Problem to work on:
Please give back, word for word, only the lines starting at the one containing "Prada brown suede grommet frame satchel" and ending at the one containing "Anschlagen Seite a." within the material below.

Records:

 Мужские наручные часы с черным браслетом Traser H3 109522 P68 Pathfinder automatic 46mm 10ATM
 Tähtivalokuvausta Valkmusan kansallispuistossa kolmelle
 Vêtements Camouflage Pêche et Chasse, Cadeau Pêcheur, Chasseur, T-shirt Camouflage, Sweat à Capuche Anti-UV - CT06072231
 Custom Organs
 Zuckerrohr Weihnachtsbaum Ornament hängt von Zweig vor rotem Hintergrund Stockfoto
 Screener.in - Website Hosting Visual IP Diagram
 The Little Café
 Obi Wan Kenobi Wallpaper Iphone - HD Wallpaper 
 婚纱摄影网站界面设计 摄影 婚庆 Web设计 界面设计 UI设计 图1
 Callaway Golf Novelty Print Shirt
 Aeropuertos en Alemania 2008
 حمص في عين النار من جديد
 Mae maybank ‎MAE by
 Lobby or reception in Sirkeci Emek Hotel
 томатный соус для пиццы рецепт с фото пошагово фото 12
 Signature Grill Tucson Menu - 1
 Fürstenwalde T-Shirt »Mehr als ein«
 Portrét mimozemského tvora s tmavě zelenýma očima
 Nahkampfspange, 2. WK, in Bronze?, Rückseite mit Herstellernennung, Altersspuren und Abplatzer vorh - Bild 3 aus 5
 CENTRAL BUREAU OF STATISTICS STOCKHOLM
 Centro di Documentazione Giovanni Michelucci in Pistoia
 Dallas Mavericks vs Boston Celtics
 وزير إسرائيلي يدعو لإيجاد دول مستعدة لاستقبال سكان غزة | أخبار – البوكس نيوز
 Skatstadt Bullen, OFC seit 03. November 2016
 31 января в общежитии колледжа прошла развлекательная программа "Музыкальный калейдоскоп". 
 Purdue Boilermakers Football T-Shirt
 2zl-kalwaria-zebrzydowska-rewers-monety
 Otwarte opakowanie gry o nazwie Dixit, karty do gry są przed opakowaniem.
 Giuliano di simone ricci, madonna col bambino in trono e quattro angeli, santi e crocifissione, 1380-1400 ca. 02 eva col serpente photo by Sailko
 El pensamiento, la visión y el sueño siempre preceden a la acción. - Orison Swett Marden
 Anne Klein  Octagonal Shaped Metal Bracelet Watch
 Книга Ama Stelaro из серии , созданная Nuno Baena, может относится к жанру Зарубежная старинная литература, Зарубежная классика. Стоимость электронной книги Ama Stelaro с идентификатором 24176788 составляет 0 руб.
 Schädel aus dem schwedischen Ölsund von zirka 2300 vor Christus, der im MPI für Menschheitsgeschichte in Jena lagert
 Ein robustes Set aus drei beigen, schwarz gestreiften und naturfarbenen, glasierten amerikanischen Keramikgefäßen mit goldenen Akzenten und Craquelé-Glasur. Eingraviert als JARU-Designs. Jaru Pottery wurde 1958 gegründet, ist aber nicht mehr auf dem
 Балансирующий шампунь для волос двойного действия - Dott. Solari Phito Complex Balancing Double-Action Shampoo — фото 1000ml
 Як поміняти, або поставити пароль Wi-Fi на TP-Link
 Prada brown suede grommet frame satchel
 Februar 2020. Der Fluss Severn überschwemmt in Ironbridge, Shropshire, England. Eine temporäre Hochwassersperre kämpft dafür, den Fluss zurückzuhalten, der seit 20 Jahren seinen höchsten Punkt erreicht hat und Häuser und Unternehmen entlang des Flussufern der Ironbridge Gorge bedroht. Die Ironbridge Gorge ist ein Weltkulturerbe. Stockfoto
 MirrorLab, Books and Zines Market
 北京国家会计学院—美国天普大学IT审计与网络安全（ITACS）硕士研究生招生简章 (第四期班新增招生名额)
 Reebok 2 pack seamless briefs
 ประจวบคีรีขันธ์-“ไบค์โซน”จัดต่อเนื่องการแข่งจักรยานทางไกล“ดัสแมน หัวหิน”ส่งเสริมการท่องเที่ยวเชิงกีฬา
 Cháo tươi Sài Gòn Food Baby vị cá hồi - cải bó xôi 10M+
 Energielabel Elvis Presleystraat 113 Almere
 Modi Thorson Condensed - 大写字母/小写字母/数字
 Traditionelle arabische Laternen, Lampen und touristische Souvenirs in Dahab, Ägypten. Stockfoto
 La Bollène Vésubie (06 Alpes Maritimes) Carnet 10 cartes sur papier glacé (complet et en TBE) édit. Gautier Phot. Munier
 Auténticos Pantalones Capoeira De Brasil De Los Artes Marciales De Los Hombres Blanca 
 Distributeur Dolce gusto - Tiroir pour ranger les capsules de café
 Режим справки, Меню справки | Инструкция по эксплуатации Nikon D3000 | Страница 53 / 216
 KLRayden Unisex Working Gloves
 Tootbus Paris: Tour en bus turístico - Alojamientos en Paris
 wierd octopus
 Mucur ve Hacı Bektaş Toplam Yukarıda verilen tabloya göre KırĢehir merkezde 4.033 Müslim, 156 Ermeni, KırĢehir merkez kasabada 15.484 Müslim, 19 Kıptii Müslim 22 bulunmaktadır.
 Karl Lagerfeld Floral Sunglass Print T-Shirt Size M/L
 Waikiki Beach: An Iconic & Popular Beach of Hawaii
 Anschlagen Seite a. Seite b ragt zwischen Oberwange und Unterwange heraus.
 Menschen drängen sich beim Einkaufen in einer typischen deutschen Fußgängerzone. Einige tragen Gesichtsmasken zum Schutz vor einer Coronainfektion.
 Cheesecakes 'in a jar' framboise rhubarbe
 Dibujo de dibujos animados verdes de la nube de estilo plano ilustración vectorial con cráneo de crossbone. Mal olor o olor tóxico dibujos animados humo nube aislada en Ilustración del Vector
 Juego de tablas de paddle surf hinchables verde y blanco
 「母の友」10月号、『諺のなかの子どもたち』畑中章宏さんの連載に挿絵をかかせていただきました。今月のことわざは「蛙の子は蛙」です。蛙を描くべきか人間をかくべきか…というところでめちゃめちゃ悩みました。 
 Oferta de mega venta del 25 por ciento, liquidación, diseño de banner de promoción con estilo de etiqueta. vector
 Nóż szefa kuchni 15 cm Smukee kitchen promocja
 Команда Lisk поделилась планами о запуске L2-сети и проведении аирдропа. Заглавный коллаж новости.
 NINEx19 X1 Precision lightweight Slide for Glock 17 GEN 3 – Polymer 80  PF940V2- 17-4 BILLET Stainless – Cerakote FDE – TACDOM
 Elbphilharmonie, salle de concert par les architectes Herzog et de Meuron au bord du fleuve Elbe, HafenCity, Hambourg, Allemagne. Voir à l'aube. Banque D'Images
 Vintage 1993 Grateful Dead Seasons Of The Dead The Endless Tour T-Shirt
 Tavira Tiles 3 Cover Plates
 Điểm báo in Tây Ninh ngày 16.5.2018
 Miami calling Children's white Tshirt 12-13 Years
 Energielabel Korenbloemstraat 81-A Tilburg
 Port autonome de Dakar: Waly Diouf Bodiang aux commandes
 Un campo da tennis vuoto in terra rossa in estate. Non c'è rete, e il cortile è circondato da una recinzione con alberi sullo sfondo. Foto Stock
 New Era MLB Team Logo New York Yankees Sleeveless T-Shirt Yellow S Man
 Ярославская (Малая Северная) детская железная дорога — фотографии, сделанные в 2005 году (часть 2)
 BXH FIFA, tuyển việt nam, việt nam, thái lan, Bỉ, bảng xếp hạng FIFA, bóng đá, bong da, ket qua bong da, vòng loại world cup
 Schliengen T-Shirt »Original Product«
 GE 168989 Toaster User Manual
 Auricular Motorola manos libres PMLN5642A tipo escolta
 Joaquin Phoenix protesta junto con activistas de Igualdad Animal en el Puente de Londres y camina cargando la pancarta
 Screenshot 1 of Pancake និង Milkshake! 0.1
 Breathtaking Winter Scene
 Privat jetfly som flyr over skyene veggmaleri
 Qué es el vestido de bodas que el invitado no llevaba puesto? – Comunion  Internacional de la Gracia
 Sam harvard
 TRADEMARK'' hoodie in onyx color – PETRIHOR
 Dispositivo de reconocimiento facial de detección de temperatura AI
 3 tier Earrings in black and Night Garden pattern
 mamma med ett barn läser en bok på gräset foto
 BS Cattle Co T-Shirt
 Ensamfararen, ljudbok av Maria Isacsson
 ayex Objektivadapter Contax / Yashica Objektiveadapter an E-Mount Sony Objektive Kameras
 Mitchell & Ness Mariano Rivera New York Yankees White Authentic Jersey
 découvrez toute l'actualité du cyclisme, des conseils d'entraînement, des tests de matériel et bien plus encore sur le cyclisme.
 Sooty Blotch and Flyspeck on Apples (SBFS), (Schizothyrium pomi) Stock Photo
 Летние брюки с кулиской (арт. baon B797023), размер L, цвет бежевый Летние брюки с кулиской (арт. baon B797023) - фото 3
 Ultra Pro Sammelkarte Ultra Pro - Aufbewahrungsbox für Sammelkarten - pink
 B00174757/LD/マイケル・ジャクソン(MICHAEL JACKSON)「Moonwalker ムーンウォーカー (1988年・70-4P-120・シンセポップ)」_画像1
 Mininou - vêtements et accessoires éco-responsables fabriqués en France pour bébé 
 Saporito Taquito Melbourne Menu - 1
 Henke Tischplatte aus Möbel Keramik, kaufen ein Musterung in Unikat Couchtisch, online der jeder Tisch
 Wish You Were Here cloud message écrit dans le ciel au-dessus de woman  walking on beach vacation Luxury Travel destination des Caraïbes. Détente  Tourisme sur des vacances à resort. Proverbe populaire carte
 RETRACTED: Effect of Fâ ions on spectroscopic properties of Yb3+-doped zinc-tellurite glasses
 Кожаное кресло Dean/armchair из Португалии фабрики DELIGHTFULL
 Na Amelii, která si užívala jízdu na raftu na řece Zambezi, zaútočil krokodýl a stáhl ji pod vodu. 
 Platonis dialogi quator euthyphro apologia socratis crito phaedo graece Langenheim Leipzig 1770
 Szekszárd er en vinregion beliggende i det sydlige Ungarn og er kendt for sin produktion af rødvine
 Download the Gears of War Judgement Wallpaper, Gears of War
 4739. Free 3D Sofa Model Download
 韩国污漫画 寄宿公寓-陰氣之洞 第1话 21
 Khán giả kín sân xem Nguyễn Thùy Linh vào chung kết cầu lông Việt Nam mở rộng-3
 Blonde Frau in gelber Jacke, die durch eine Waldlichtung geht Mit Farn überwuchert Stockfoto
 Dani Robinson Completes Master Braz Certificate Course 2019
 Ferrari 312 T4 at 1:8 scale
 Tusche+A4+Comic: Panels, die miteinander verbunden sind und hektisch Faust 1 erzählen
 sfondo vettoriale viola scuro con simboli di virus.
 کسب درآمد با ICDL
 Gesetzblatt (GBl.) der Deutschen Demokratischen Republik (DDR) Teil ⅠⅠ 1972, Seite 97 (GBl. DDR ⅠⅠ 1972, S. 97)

Response:
 Prada brown suede grommet frame satchel
 Februar 2020. Der Fluss Severn überschwemmt in Ironbridge, Shropshire, England. Eine temporäre Hochwassersperre kämpft dafür, den Fluss zurückzuhalten, der seit 20 Jahren seinen höchsten Punkt erreicht hat und Häuser und Unternehmen entlang des Flussufern der Ironbridge Gorge bedroht. Die Ironbridge Gorge ist ein Weltkulturerbe. Stockfoto
 MirrorLab, Books and Zines Market
 北京国家会计学院—美国天普大学IT审计与网络安全（ITACS）硕士研究生招生简章 (第四期班新增招生名额)
 Reebok 2 pack seamless briefs
 ประจวบคีรีขันธ์-“ไบค์โซน”จัดต่อเนื่องการแข่งจักรยานทางไกล“ดัสแมน หัวหิน”ส่งเสริมการท่องเที่ยวเชิงกีฬา
 Cháo tươi Sài Gòn Food Baby vị cá hồi - cải bó xôi 10M+
 Energielabel Elvis Presleystraat 113 Almere
 Modi Thorson Condensed - 大写字母/小写字母/数字
 Traditionelle arabische Laternen, Lampen und touristische Souvenirs in Dahab, Ägypten. Stockfoto
 La Bollène Vésubie (06 Alpes Maritimes) Carnet 10 cartes sur papier glacé (complet et en TBE) édit. Gautier Phot. Munier
 Auténticos Pantalones Capoeira De Brasil De Los Artes Marciales De Los Hombres Blanca 
 Distributeur Dolce gusto - Tiroir pour ranger les capsules de café
 Режим справки, Меню справки | Инструкция по эксплуатации Nikon D3000 | Страница 53 / 216
 KLRayden Unisex Working Gloves
 Tootbus Paris: Tour en bus turístico - Alojamientos en Paris
 wierd octopus
 Mucur ve Hacı Bektaş Toplam Yukarıda verilen tabloya göre KırĢehir merkezde 4.033 Müslim, 156 Ermeni, KırĢehir merkez kasabada 15.484 Müslim, 19 Kıptii Müslim 22 bulunmaktadır.
 Karl Lagerfeld Floral Sunglass Print T-Shirt Size M/L
 Waikiki Beach: An Iconic & Popular Beach of Hawaii
 Anschlagen Seite a. Seite b ragt zwischen Oberwange und Unterwange heraus.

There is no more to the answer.